#### [Problem to solve]
Start at the line in the entries below that contains "Rare table lamp", stop at the line that contains "The lamps was", and output exactly the lines in that span, both ends included.

═══ Input

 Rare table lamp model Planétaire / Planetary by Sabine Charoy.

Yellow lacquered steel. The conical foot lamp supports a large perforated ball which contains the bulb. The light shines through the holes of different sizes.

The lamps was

══════
═══ Input

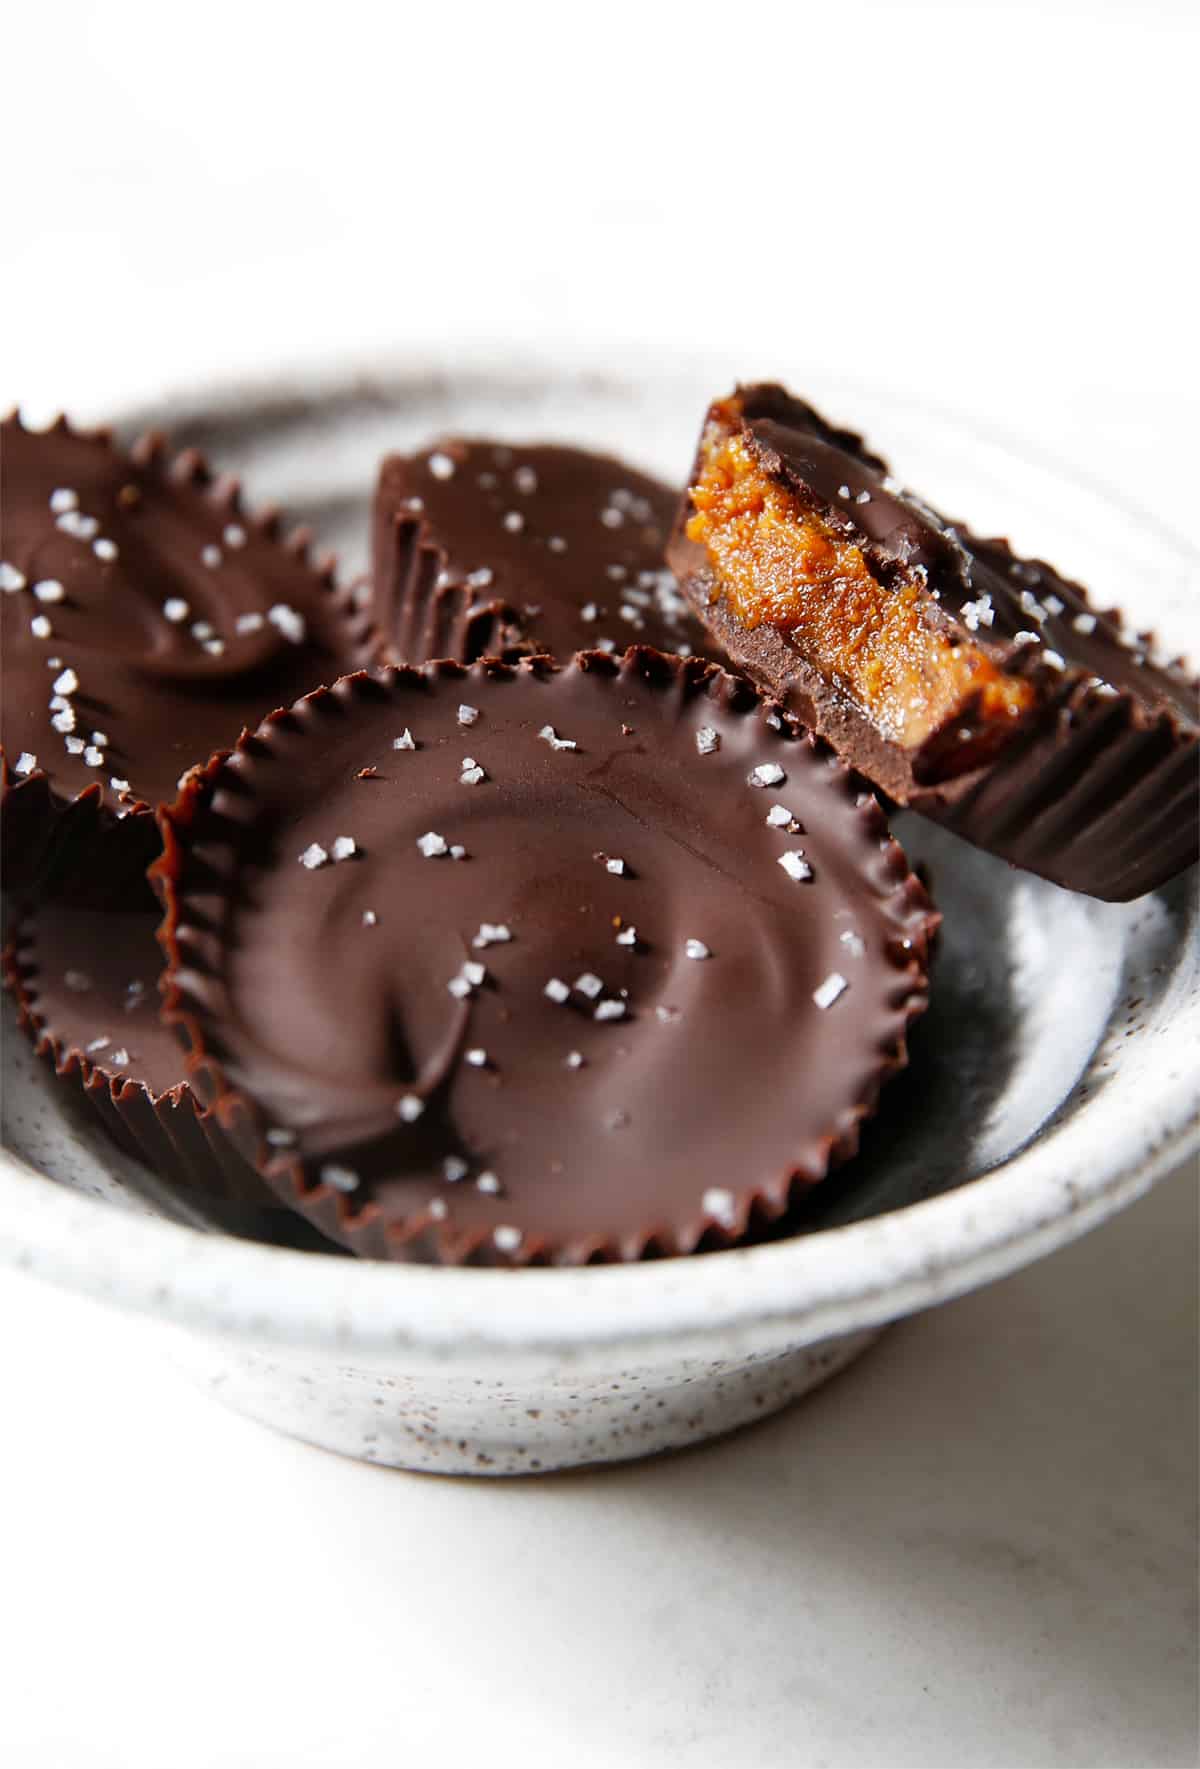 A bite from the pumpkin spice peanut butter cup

══════

#### [Written solution]
 Rare table lamp model Planétaire / Planetary by Sabine Charoy.

Yellow lacquered steel. The conical foot lamp supports a large perforated ball which contains the bulb. The light shines through the holes of different sizes.

The lamps was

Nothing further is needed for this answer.